Sainsbury’s have kind of c*cked up the design of their “hugging bear” Valentine’s mugs

Surely someone should've seen this before they were released?

JOE

“Happy Valentine’s Day from Sainsbury’s, here is a cute bear with a gigantic fucking schlong.”

This isn’t the message that comes written on the box of their latest Valentine’s product, a pair of hugging bear mugs, but it may as well be.

I mean, look at them.

Image: Kitty O’Rourke / Facebook

Those don’t just look a little bit like dicks, they only look like dicks. Really, really large, rock-solid, protruding bear dicks.

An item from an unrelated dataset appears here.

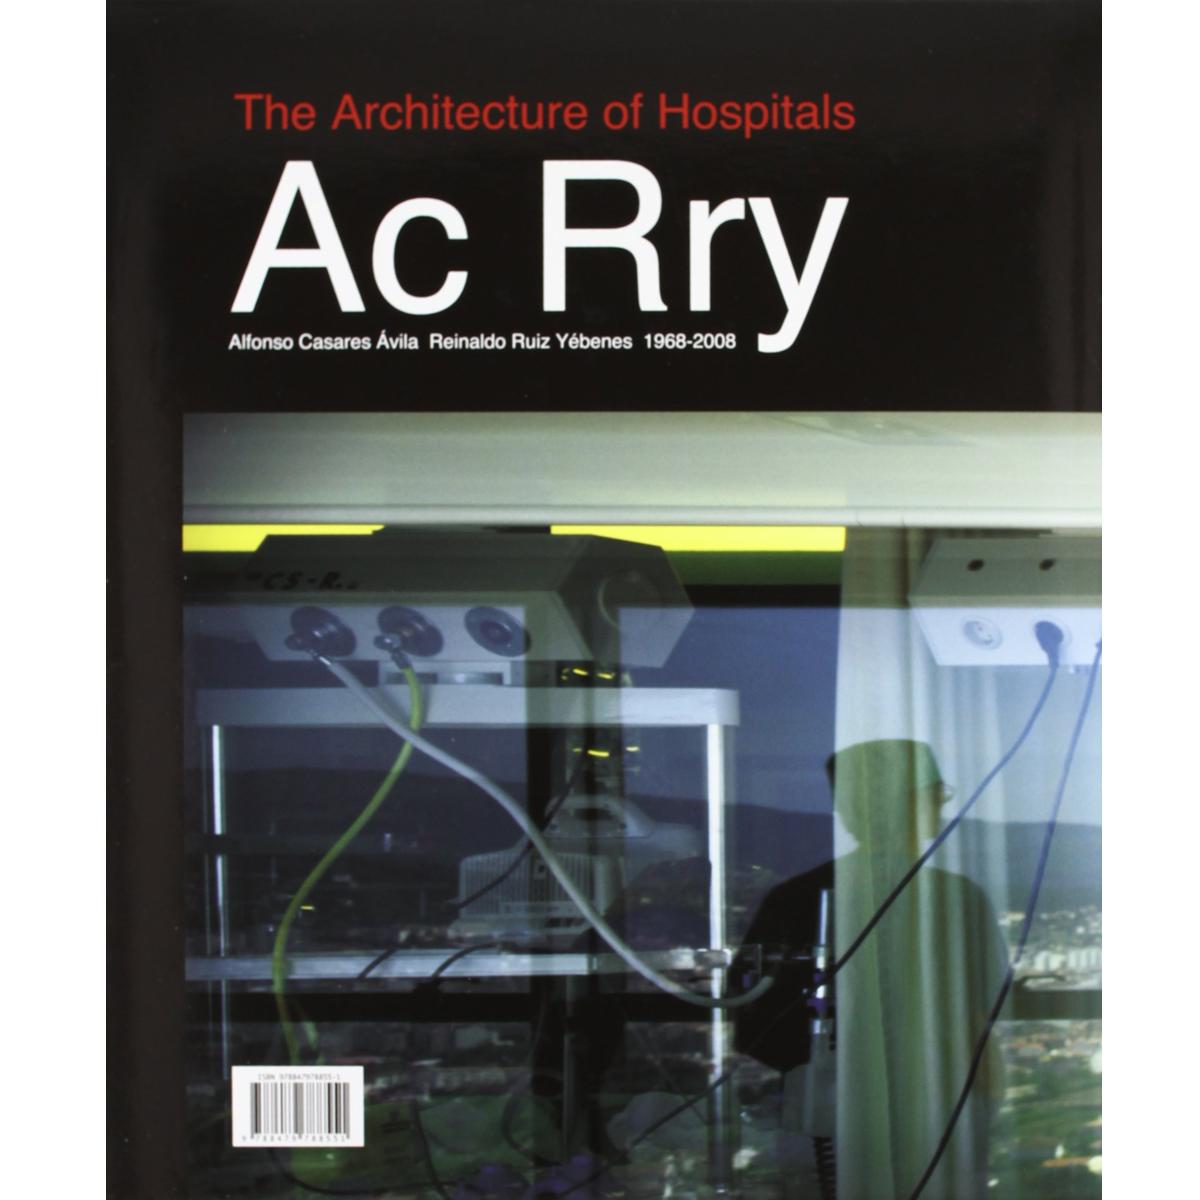 La arquitectura del hospital Ac Rry 1968-2008

The cock-up was noticed by mum Kitty Toland, who took a picture of the mugs and posted it on the supermarket’s Facebook page.

She wrote: “Just a little feedback on the ‘hugging mugs’ they don’t look quite like they are hugging but rather excited to see each other ??? Had to swerve awkward questions from a 2 year old ? maybe not the best design!”

When speaking to the Mirror, she also added: “My son even asked why the bears have willies and I didn’t know how to answer. I told him it was a tail.

“We found the whole thing hilarious and didn’t purchase them but after all the attention the photo got I feel like perhaps we should!!”

A Sainsbury’s employee tried to deescalate the situation by confirming that the bears are only hugging, but people weren’t having any of it.

Sorry Sainsbury’s but your bears have dicks. Case closed.